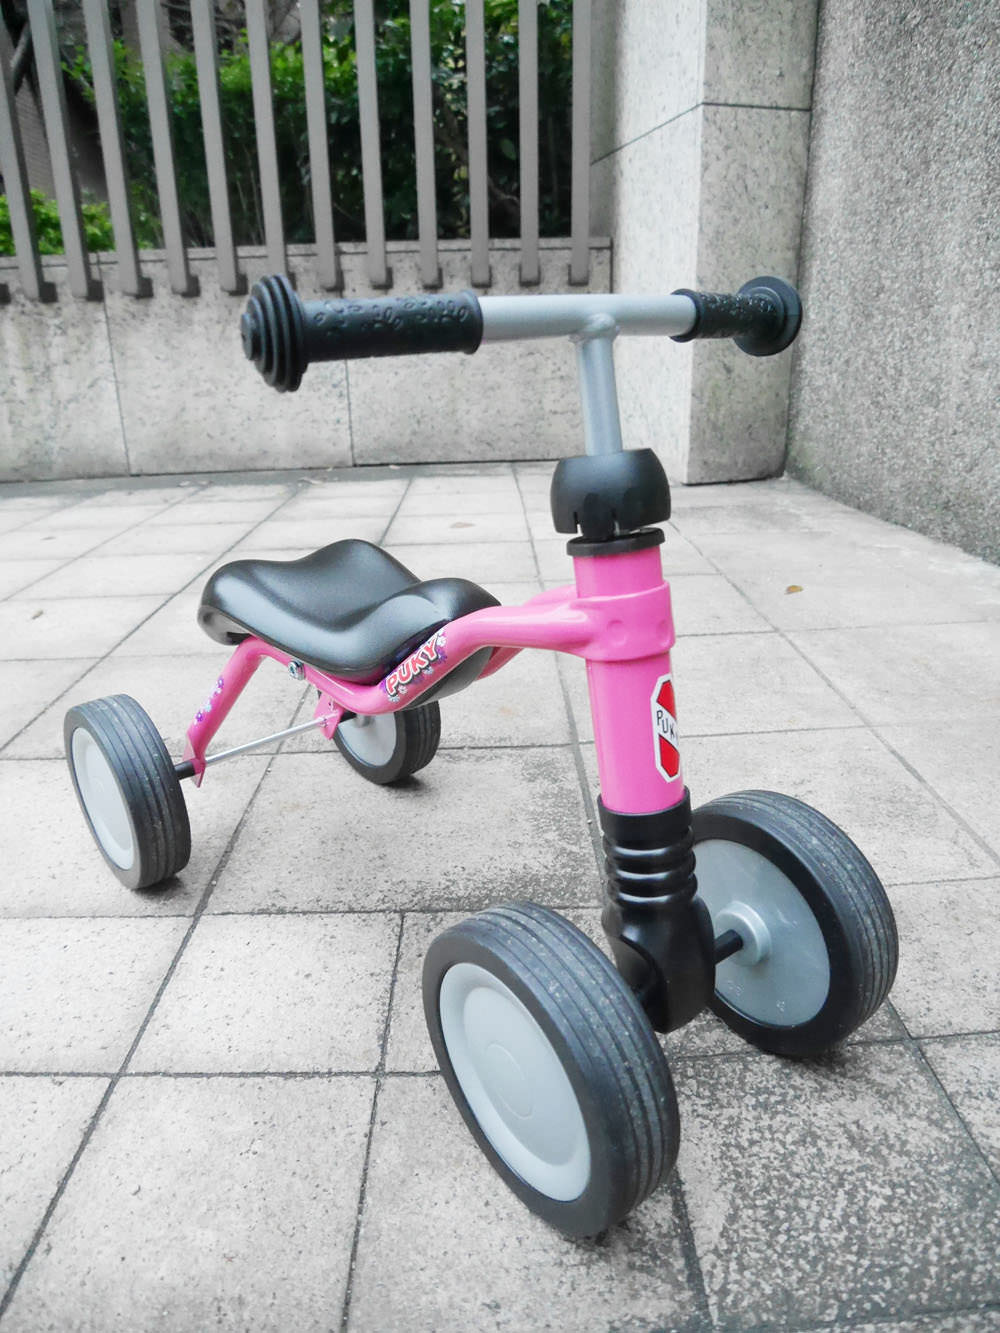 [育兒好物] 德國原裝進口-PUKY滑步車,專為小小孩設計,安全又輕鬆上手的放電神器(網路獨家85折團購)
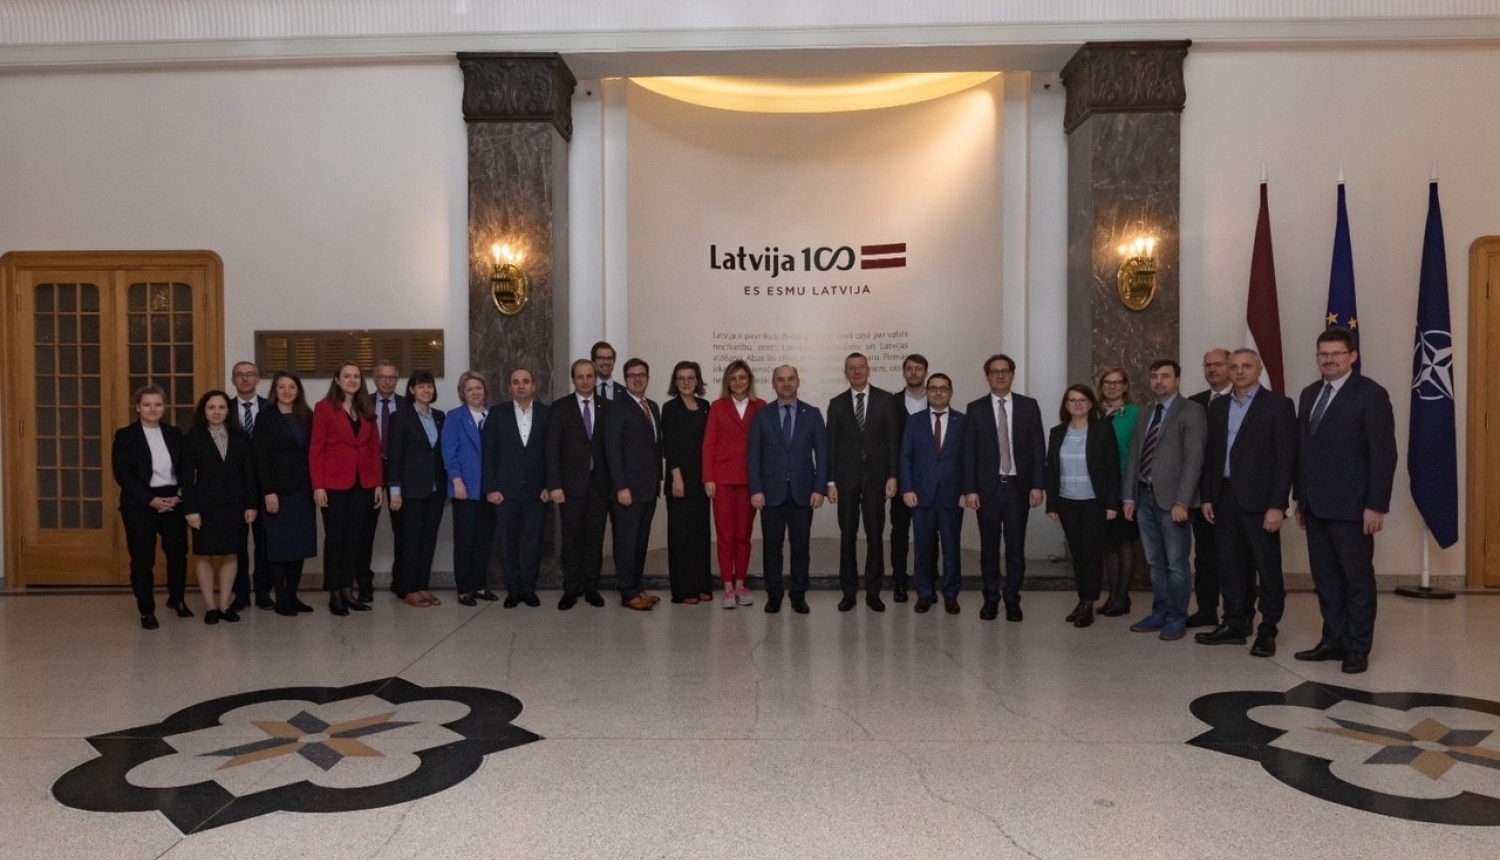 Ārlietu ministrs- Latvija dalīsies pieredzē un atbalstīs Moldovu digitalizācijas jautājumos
####
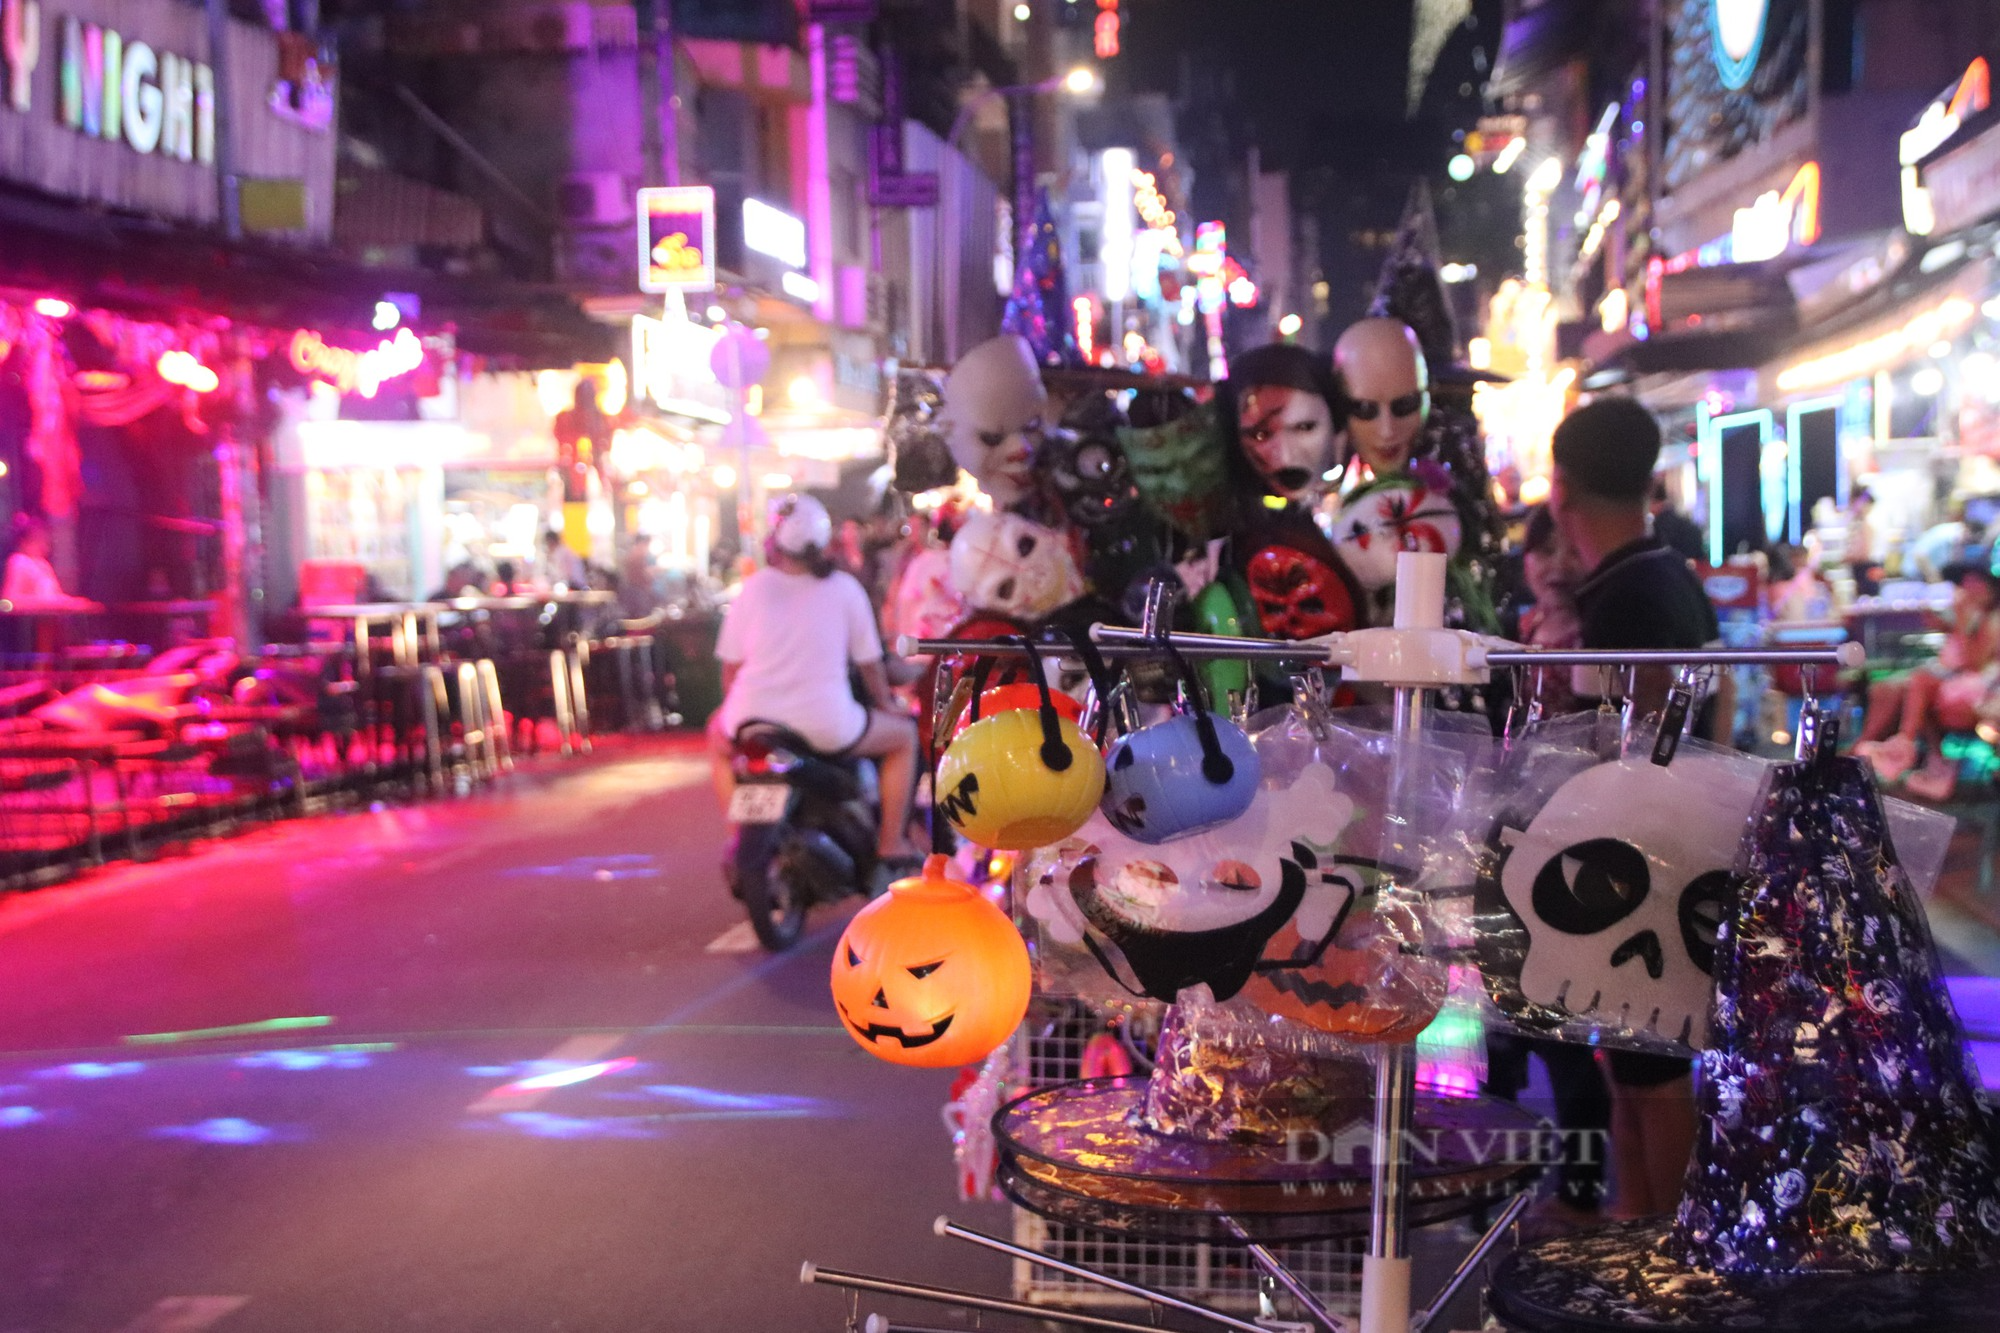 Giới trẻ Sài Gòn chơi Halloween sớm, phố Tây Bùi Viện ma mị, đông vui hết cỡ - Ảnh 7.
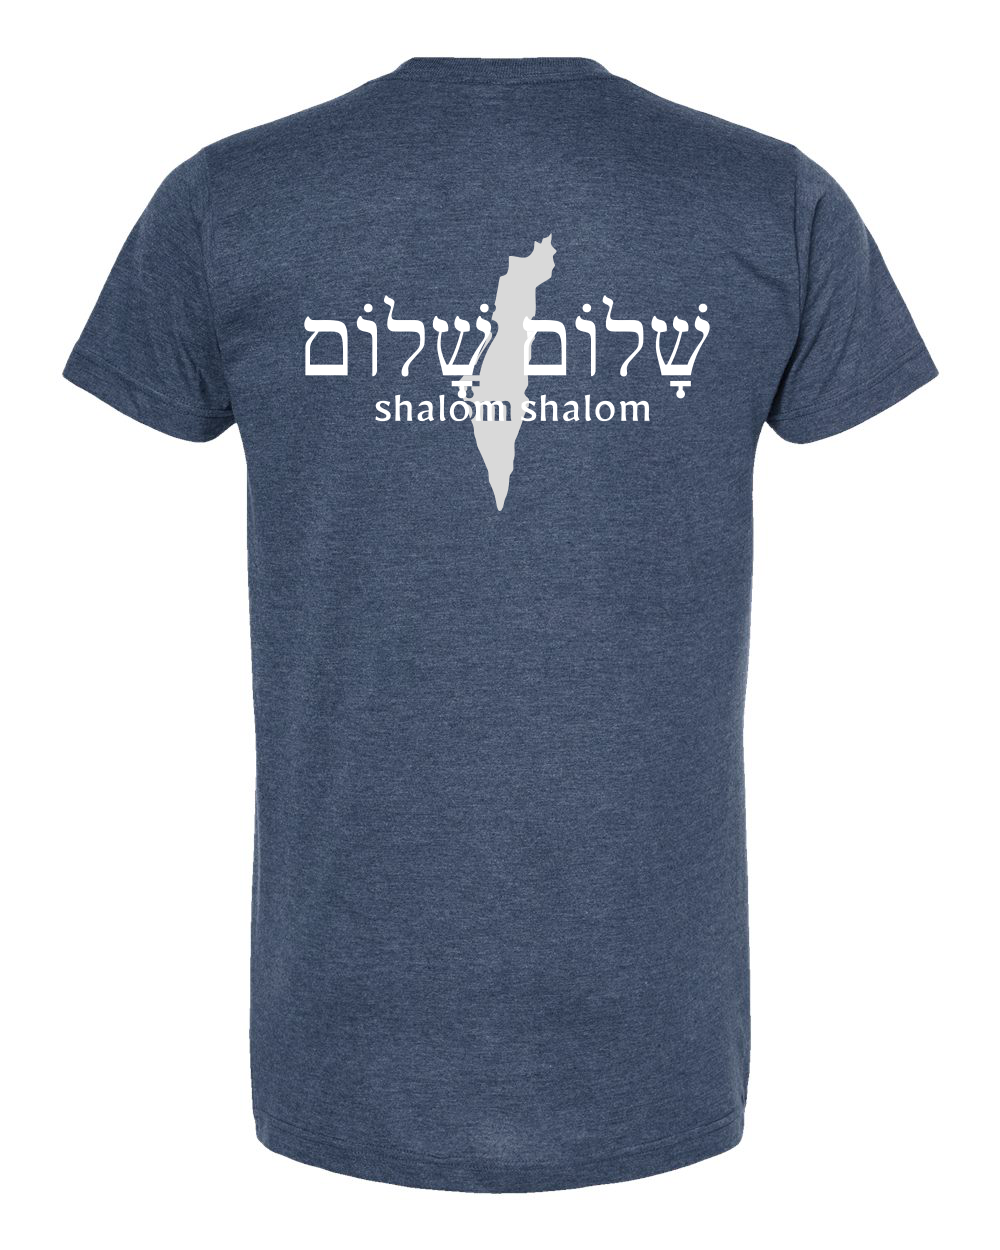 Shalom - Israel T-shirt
####
TASK: While skipping the pictures, transcribe the data above from the line showing "[育兒好物] 德國原裝進口-PUKY滑步" through the line showing "Ārlietu ministrs- Latvija", exactly and with both ends.

RESPONSE TO THIS TASK:
 [育兒好物] 德國原裝進口-PUKY滑步車,專為小小孩設計,安全又輕鬆上手的放電神器(網路獨家85折團購)
 Ārlietu ministrs- Latvija dalīsies pieredzē un atbalstīs Moldovu digitalizācijas jautājumos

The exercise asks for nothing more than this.